NOTES TO CONSOLIDATED FINANCIAL STATEMENTS
(UNAUDITED)

Note 15 — Earnings per Share

Basic earnings per share of common stock is computed by dividing net income by the weighted average number of shares of common stock outstanding during the year. Except when the effect would be anti-dilutive, the diluted earnings per share include the impact of convertible preferred stock, restricted stock and other common stock equivalents. The following table sets forth the calculation of basic and diluted earnings per share (“EPS”) (in thousands, except per share data):

       
  Three Months Ended
March 31,
  Nine Months Ended
March 31,
     2013   2012   2013   2012
Net income   $ 40,436     $ 91,252     $ 100,028     $ 254,672  
Preferred stock dividends     2,873       2,739       8,623       10,151  
Induced Conversion of Preferred Stock           6,058             6,058  
Net income available for common stockholders   $ 37,563     $ 82,455     $ 91,405     $ 238,463  
Weighted average shares outstanding for basic EPS     79,365       77,454       79,280       76,803  
Add dilutive securities     8,151       9,899       8,191       10,382  
Weighted average shares outstanding for
diluted EPS
    87,516       87,353       87,471       87,185  
Earnings per share
                                   
Basic   $ 0.47     $ 1.06     $ 1.15     $ 3.10  
Diluted   $ 0.46     $ 1.04     $ 1.14     $ 2.92  

Note 16 — Commitments and Contingencies

Litigation.  We are involved in various legal proceedings and claims, which arise in the ordinary course of our business. We do not believe the ultimate resolution of any such actions will have a material effect on our consolidated financial position, results of operations or cash flows.

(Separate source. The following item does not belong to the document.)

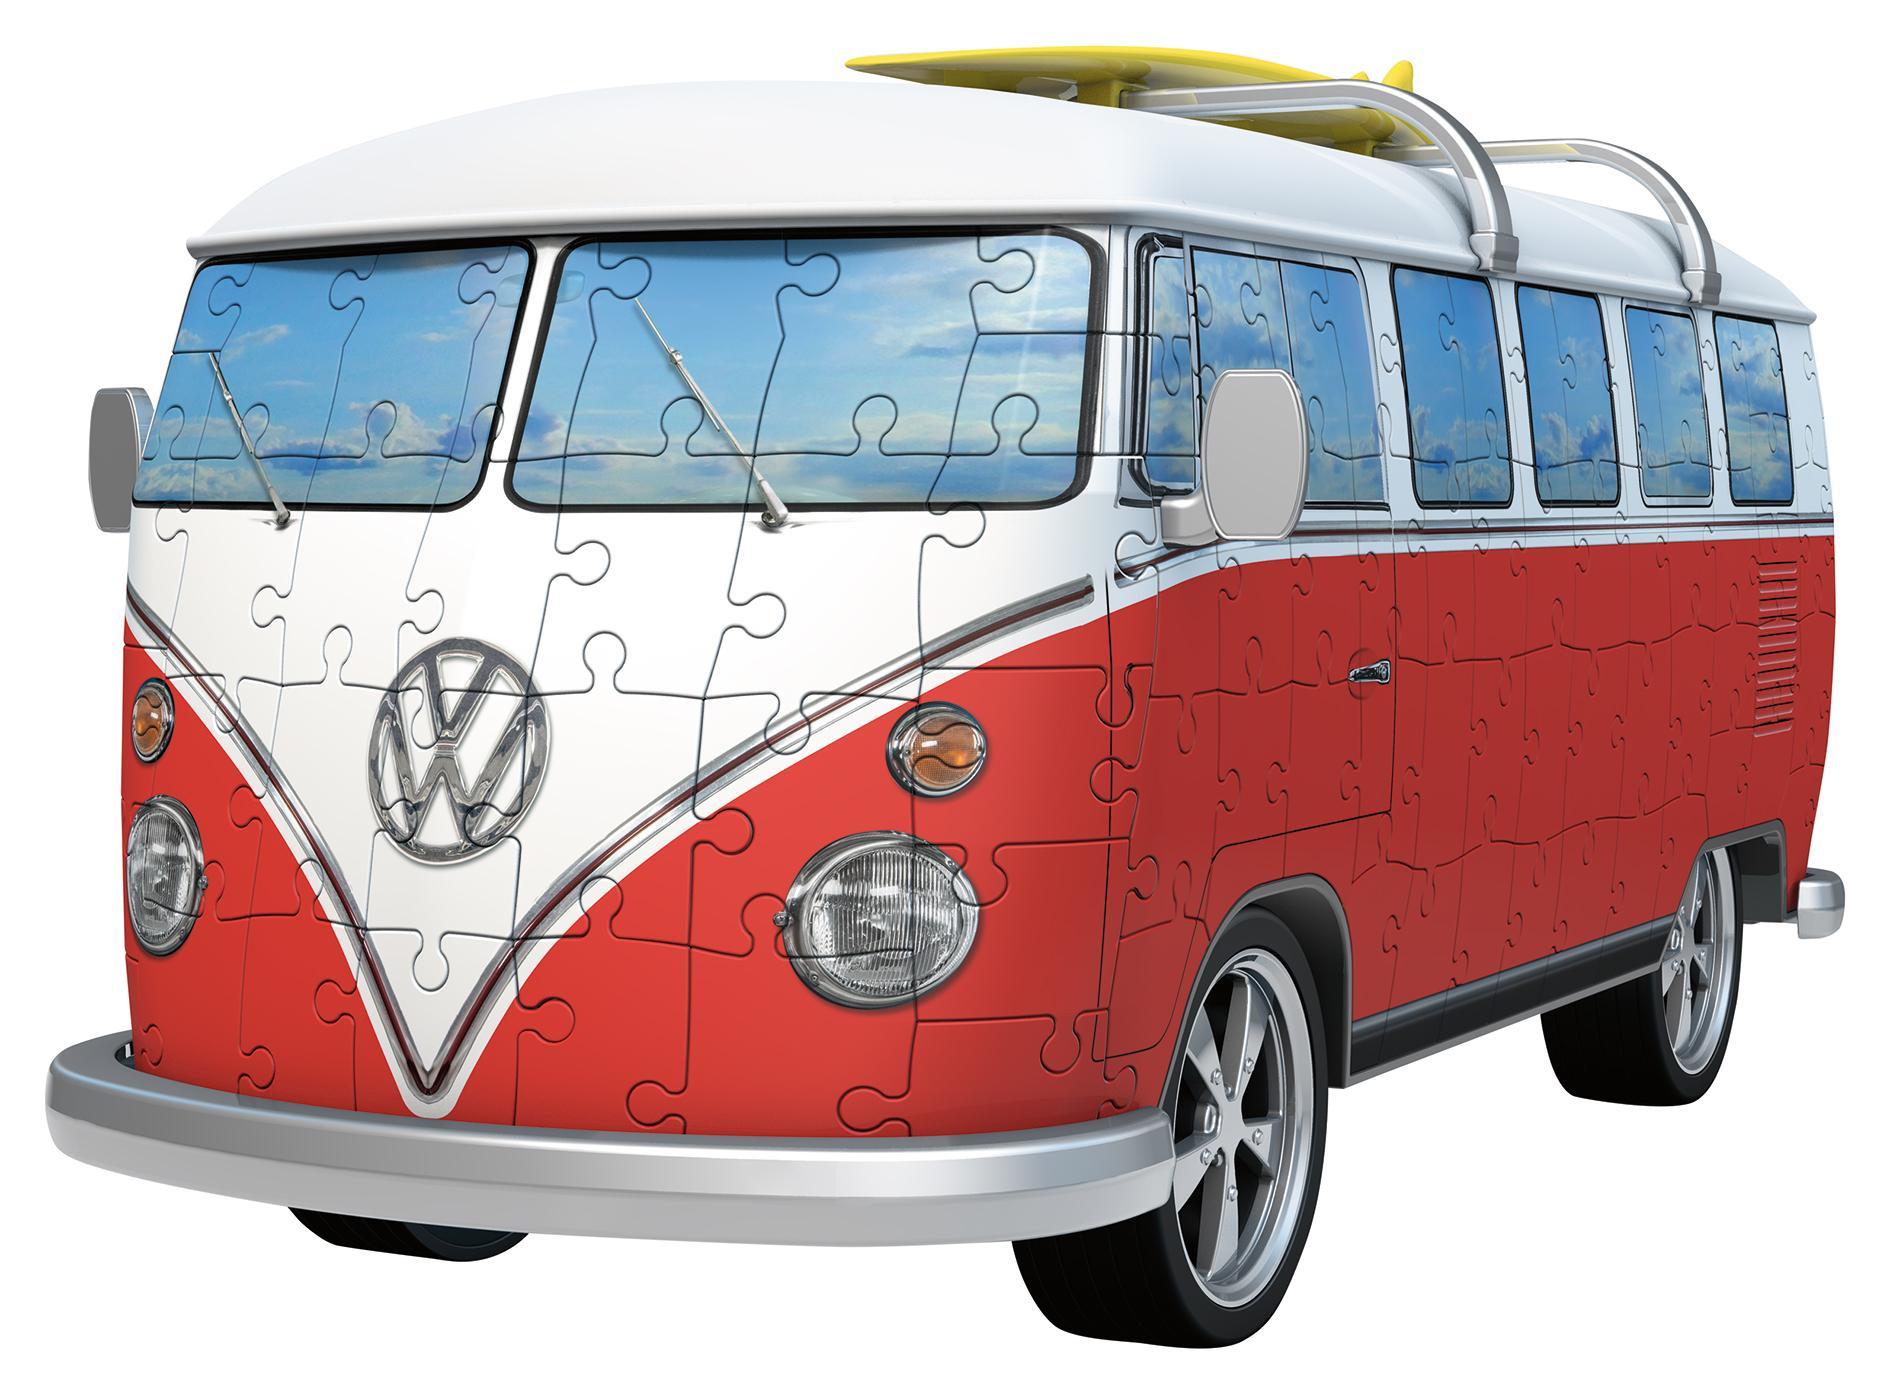 Ravensburger VW T1 Camper Van, 162pc 3D Jigsaw Puzzle: Ravensburger ...

Lease Commitments.  We have a non-cancelable operating lease for office space and other that expires on March 31, 2018. Future minimum lease commitments as of March 31, 2013 under the operating lease are as follows (in thousands):

 
Twelve Months Ended March 31,
 
2014   $ 2,821  
2015     2,980  
2016     2,776  
2017     2,849  
2018     2,559  
Thereafter     1,936  
Total   $ 15,921  

Rent expense, including rent incurred on short-term leases, for the three months ended March 31, 2013 and 2012 was $861,000 and $942,000, respectively, and for the nine months ended March 31, 2013 and 2012 was $2,122,000 and $1,839,000, respectively.

Letters of Credit and Performance Bonds.  We had $225.3 million in letters of credit and $44.4 million of performance bonds outstanding as of March 31, 2013.

Line of Credit.  Our equity method investee, EXXI M21K, of which we own 20%, is a guarantor of a $100 million line of credit entered into by M21K on February 23, 2012. See Note 5 — Equity Method Investments of Notes to Consolidated Financial Statements in this Quarterly Report.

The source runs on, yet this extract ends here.